Prominent rights lawyer, Beatrice Mtetwa says the current regime led by President Emmerson Mnangagwa has not moved an inch towards respecting human rights, just like the previous administration.
Mtetwa said rights such as freedom of peaceful assembly and association were being curtailed by state security agents in Zimbabwe, just the same way former president Robert Mugabe's regime did it.
The Harare lawyer was speaking at a Friday Zimbabwe Human Rights NGO Forum organised the event in Harare.
The event theme was, The Role of Government in safeguarding Human Rights: What can the State do to guarantee the safety of its citizens?
Mtetwa said even court orders were not being respected by the Mnangagwa led regime.
"We have seen how the exercise of rights, for instance freedom of movement have been severally curtailed.
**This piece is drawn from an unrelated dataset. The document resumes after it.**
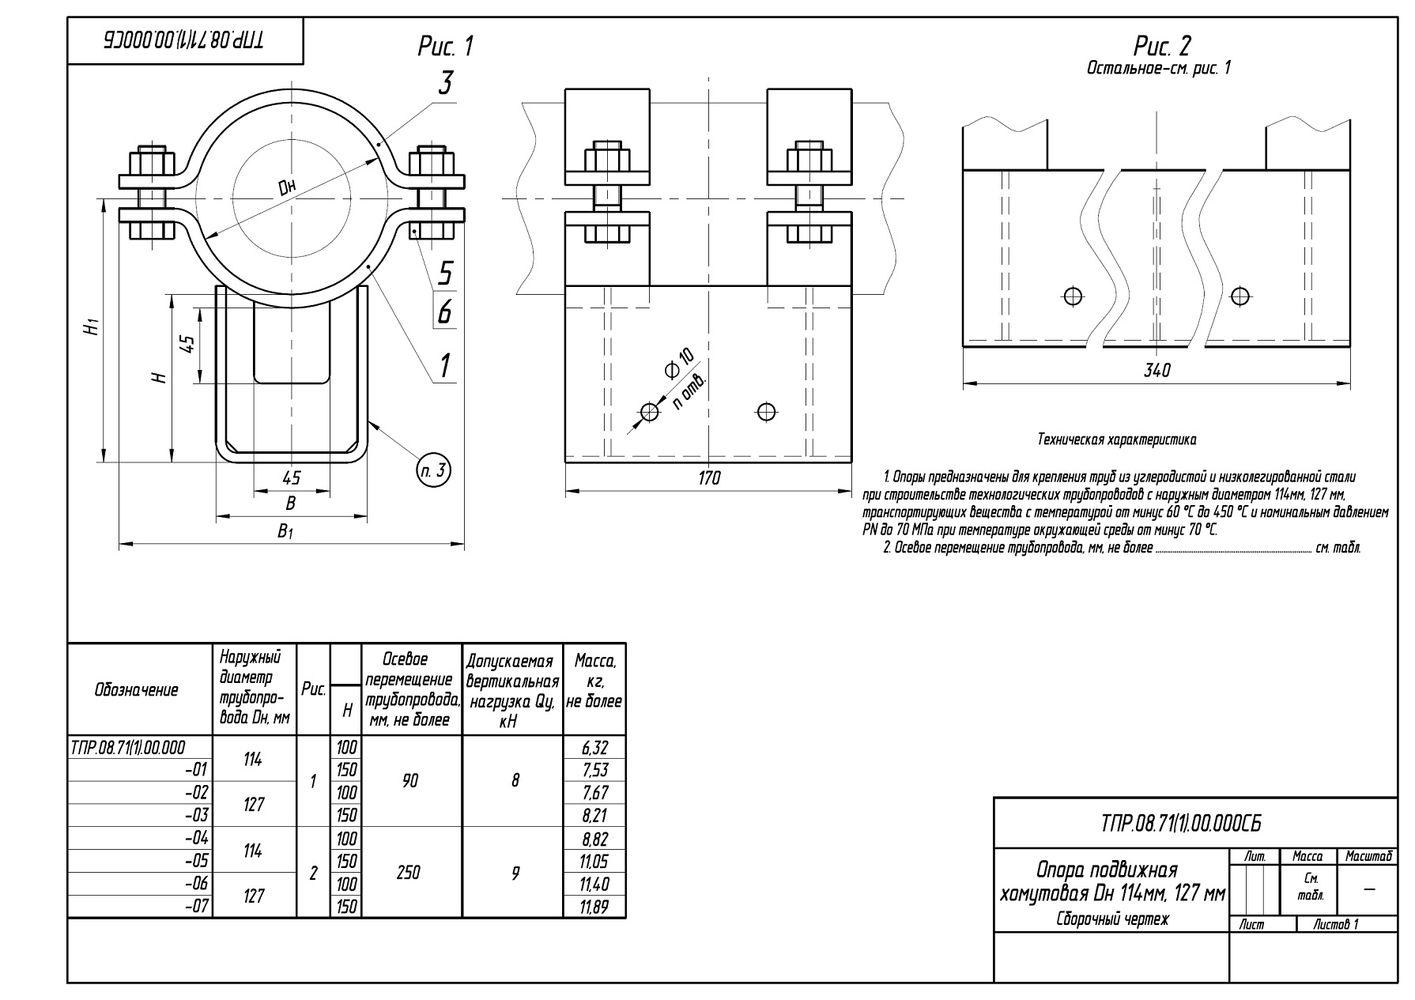 ТПР.08.71(1).00.000 Опоры подвижные хомутовые трубопроводов Дн 114, 127 мм
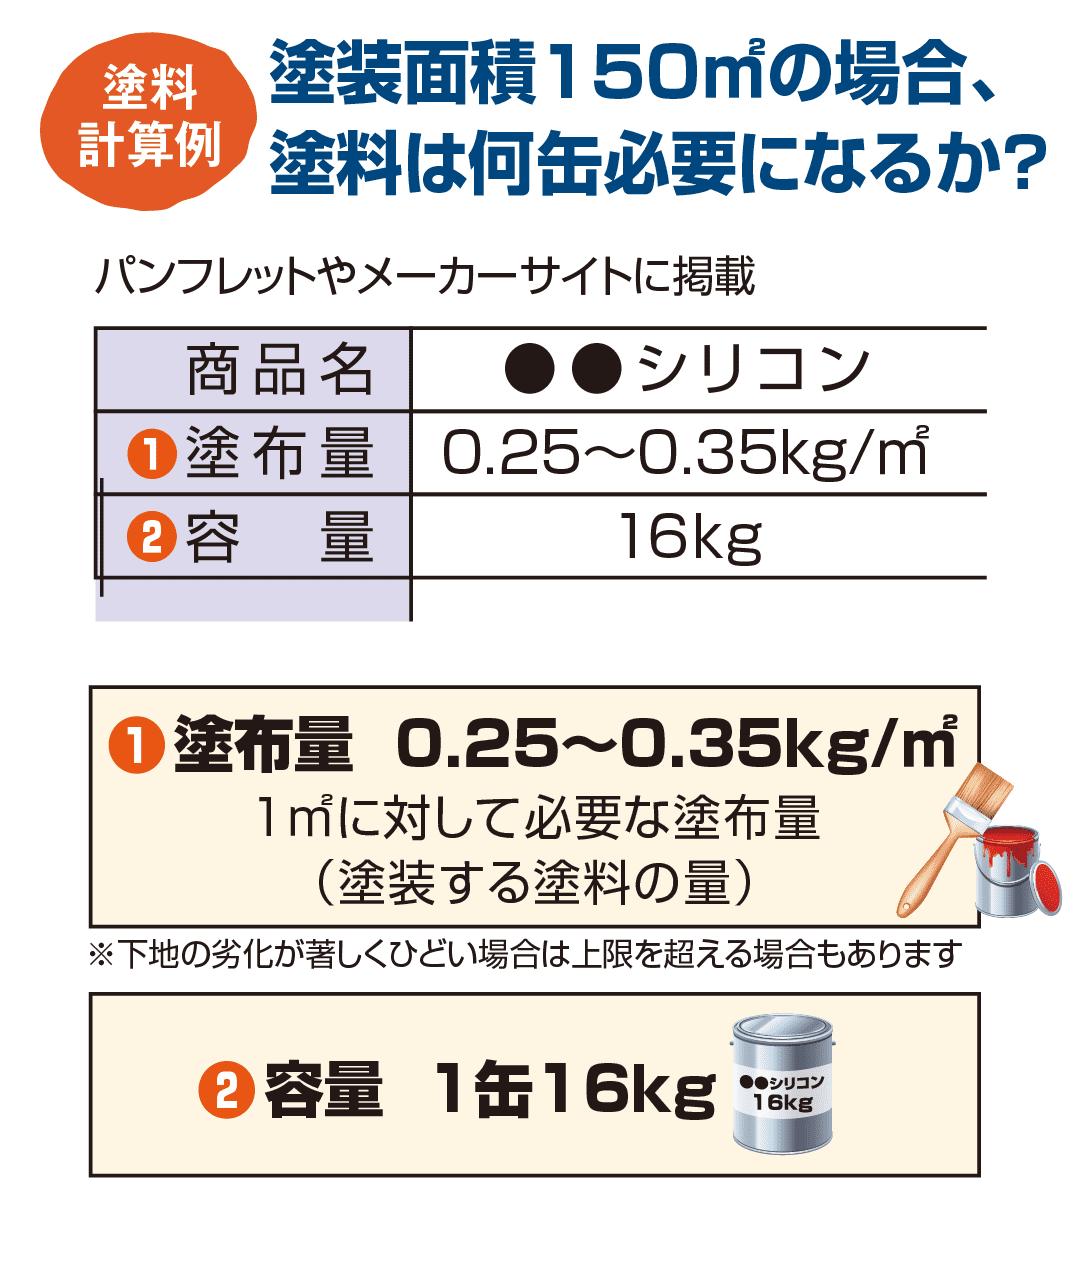 塗装面積150㎡の場合、  塗料は何缶必要になるか?

"If citizens want to enjoy their rights to protests, we know that every road into the city centre will be cordoned off by police, by army personnel.
"We know that those who do so are not doing it on their own. They are doing it because the State is allowing it.
"And what is government response to that? Government is not sitting down to listen to the grievances. Instead, it is behaving exactly the same as the first republic, basically disrespecting the constitution... "
Mtetwa added, "We have seen court orders not being respected in the second republic, we have oversight institutions, like the Zimbabwe Human Rights Commission and when it does make reports, the government does not take those reports seriously.
"When oversight institutions make recommendations, it is the government's responsibility to look into those reports and take corrective action as recommended."
Mtetwa also accused police of applying "excessive, disproportionate and lethal" use of force against protesters with teargas, batons and live ammunition.
"We have a brand new constitution, which in my view has been wasted in the last six years. The people of Zimbabwe in March 2013 buried the old Lancaster Constitution which had been mutilated at least 19 times," she said.
"And the reason for that mutilation was that it was said to be really an imposition from elsewhere.
"So, when the people of Zimbabwe overwhelmingly voted for the new constitution, it was the hope of all human rights defenders that constitutionalism will now be lived, it will be our daily bread and it is the practice by all of us."
She added, "But we have seen that in practice, even the second republic is not living by that behaviour, we have to be seen that every law that is not inconsistent with the constitution is invalid.
"However, we have seen that in practice, even the second republic is not living by that.
"The government must walk the talk; let us not see the government openly defying the constitution by stopping citizens from enjoying rights that they have under the constitution."